Re: June 8, 2021 | When half the world's internet went down Quote:
Originally Posted by Jeroen
From what I read it was triggered by a single configuration chance. Whether that was change was carried out incorrectly or something else remains to be seen. Fact remains that one action took down their whole service.
That sounds suspiciously like a major design issue.
Jeroen | Quote:
Originally Posted by padmrajravi A single configuration change from one customer affecting all the other customers is the worrying factor. And the configuration change was was a valid one too, just that it triggered an unexpected behaviour. That just means , there is not enough isolation enough to prevent a catastrophe. |
As per their initial RCA, they introduced a change on May 12 which left a code path open that could cause varnish (the open source cache server Fastly is based on) to crash under very specific vcl flows.
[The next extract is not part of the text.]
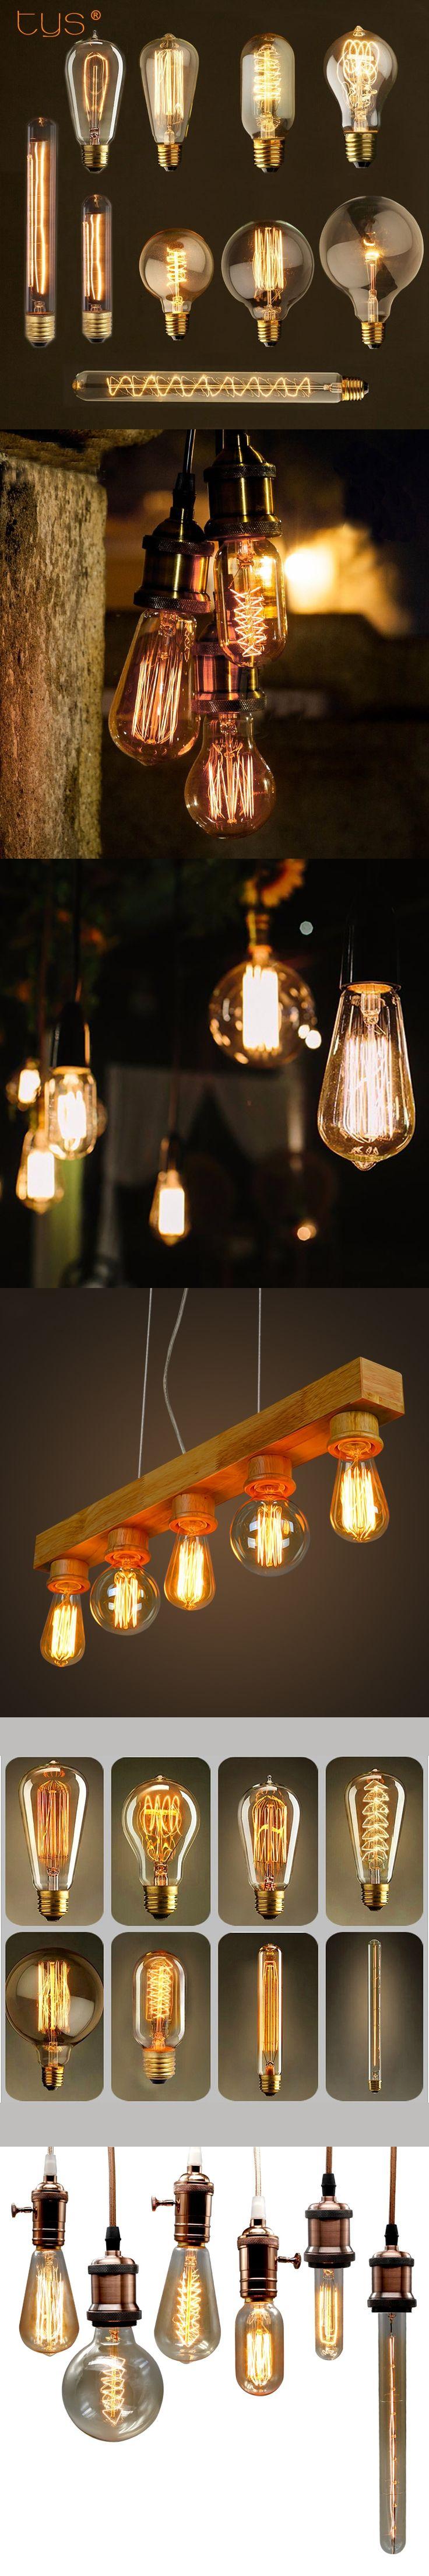 Edison Bulb E27 220v Incandescent Lamp 40W Vintage Lamp Pendant Light Retro Lighting Ceiling lampadas Filament Bulb Edison Lamp

It wasn't triggered by any customer until 8 June. A change by one particular customer on that fateful day caused the varnish nodes to crash all over. They weren't able to recover from this failure.
So yeah, isolation is a big problem and a major design flaw. They have highlighted it in the blog post I linked above, quoting the relevant section here - Quote:
Broadly, this means fully leveraging the isolation capabilities of WebAssembly and Compute@Edge to build greater resiliency from the ground up.
|
Fastly's customers will also think about having a DR solution. A lot of the customers who use Fastly do so because of the ability to easily run some logic on the edge nodes, like implementing a paywall etc. So using a competing CDN will not really be straight forward.
Or people could go solo like Tesla - have their own in house implementation of open source Varnish for eventualities like these.
It sure will be an interesting few months ahead.
Last edited by Dry Ice : 10th June 2021 at 12:18.
Reason: Date
|